Глава 14. Пресс-конференция

   Пока меня везли в лимузине на пресс-конференцию, я думал.
   Понял, что теперь мне не выкрутиться. Японцы меня достали. Раньше я все доказывал, что я – Хранитель. Тратил на это силы и энергию. И нервы, кстати. А мне никто не верил, задвигали меня подальше. Пока в трубу не задвинули.
   А тут – нате, пожалуйста! Никто бровью не повел. Сразу во всех газетах напечатали. Со всех стран сбежались на пресс-конференцию. Говори, мол, Бепс! Мы тебя внимательно слушаем.
   А что я им скажу?!
   Короче говоря, привозят меня на машине к какому-то многоэтажному зданию из стекла и алюминия. Открывают дверцу. Я выхожу, как президент, и направляюсь к дверям в сопровождении японских чиновников. Хорошо, что Катька хоть куртку подшила, хлястики не болтаются. Но курточка все равно грязноватая и поношенная.
   Ничего! Пусть видят, что Хранитель шмотками не интересуется.
   Сзади подкатывает еще один лимузин, из него Катьку с Панасоником высаживают. На лимузинах, между прочим, красные флажки Советского Союза и белые с красным кругом – Японии.
   Я курточку снимаю, остаюсь в школьной форме. При пионерском галстуке. На ладони поплевал, волосы пригладил. Где журналисты? Давайте их сюда!
   Ввели нас в зал, прямо на сцену, где длинный стол стоит, уставленный микрофонами. А в зале – полно народу с магнитофонами и фотоаппаратами. Телекамеры стоят, яркие лампы светят.
   Я Панасонику успел шепнуть:
   – Будешь трепаться, что у нас с вещами туго, – испепелю!
   Уселись.
   Мы – в центре, чиновники – по краям. Маленькие наушники на голову нацепили, чтобы понимать, что происходит.
   Главный чиновник встал и начал говорить по-японски. В наушниках переводят по-русски, чего он там говорит.
   А говорит он, что вчера, мол, приборы зафиксировали жуткую магнитную бурю, после чего в саду камней был обнаружен летательный аппарат в виде обрезка бетонной трубы из Советского Союза, а в нем – находящиеся здесь лица.
   Тут он указал на нас.
   Поскольку средствами обнаружения Японии, говорит, не было зафиксировано нарушение воздушной или морской границы, то остается предположить, что указанные господа прибыли в Японию каким-то космическим образом. Руководитель экспедиции по имени Бабася-сан утверждает, что является Хранителем планеты Земля. Назначен на эту должность Центром Вселенной. Этот факт, говорит главный чиновник, вызвал большой интерес прессы. Поэтому, мол, мы и пригласили вас, господа, на пресс-конференцию. Можете задавать вопросы.
   И уселся.
   «Ну, держись, Бабася!», – подумал я про себя. Весело стало и горячо, как перед дракой.

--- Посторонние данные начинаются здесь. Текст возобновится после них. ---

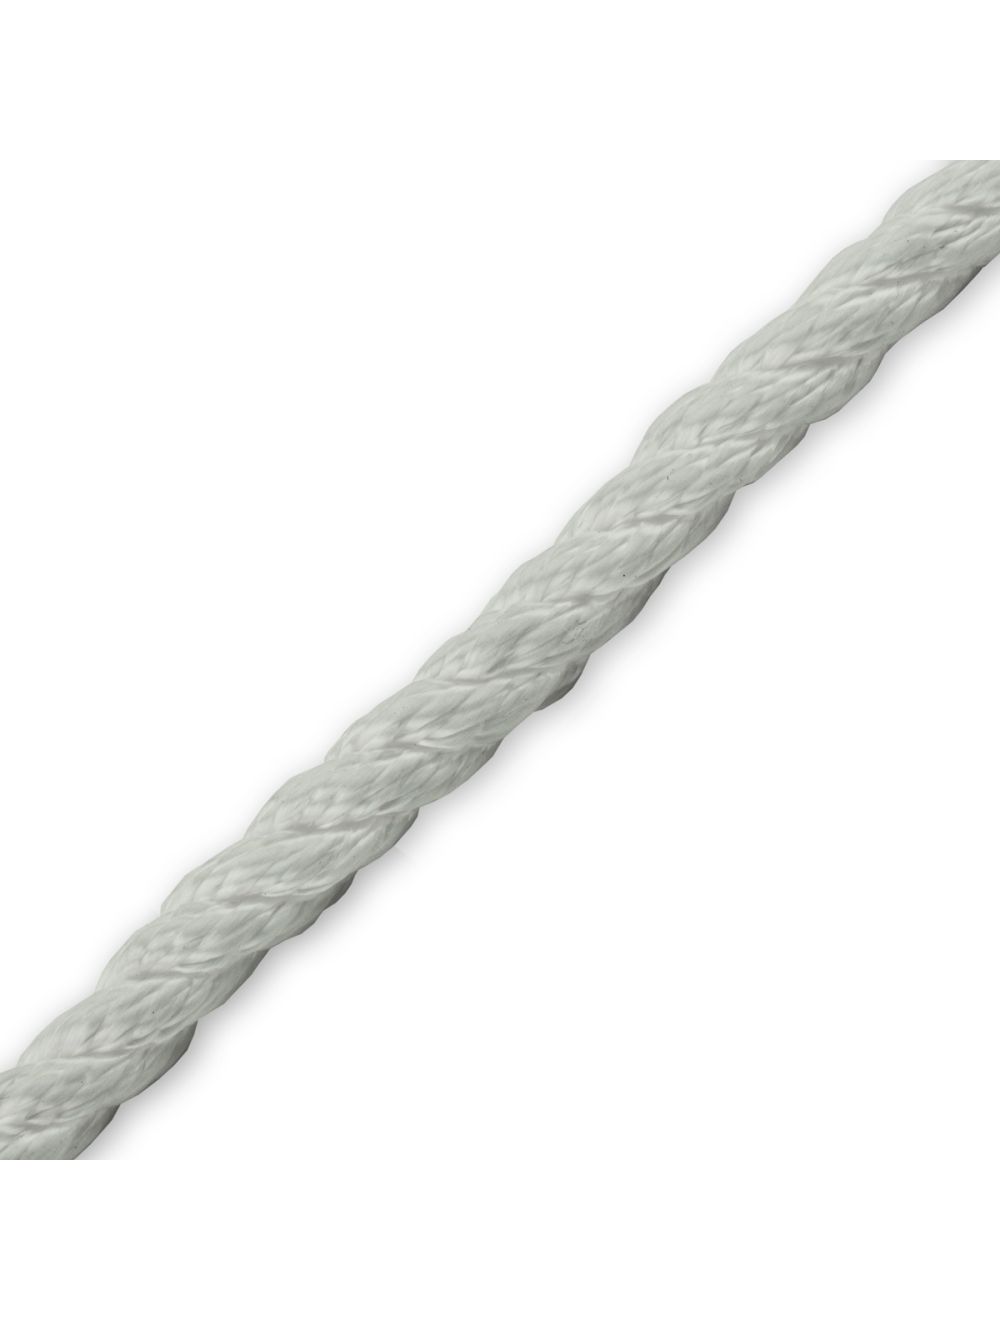 Twisted Nylon Rope 1-1/2

   В первом ряду дядечка с бородкой руку вскинул. Спросил по-английски.
   – Почему вы решили, что труба из Советского Союза? – слышу перевод.
   – Потому что во всем мире давно уже применяются трубы из пластика, – отвечает японец. – Бетон только в СССР.
   А дальше вопросы посыпались, как из ведра.
   – На каком принципе работает космический летательный аппарат?
   – Кто отбирал вас для участия в экспедиции?
   – Какое у вас задание?
   – Что хочет передать Катюша-сан сверстницам из Сингапура?
   Тэйко-сан только успевает вопросы по-русски записывать и подсовывать мне.
   Я ладошку поднял.
   – Тихо, господа, – говорю. – Давайте по одному.
   Смотрю, в зал вбегает Бубликов. Чем-то взволнован. Держит в руках листок бумаги.
   – Разрешите мне! – кричит. – У меня заявление ТАСС!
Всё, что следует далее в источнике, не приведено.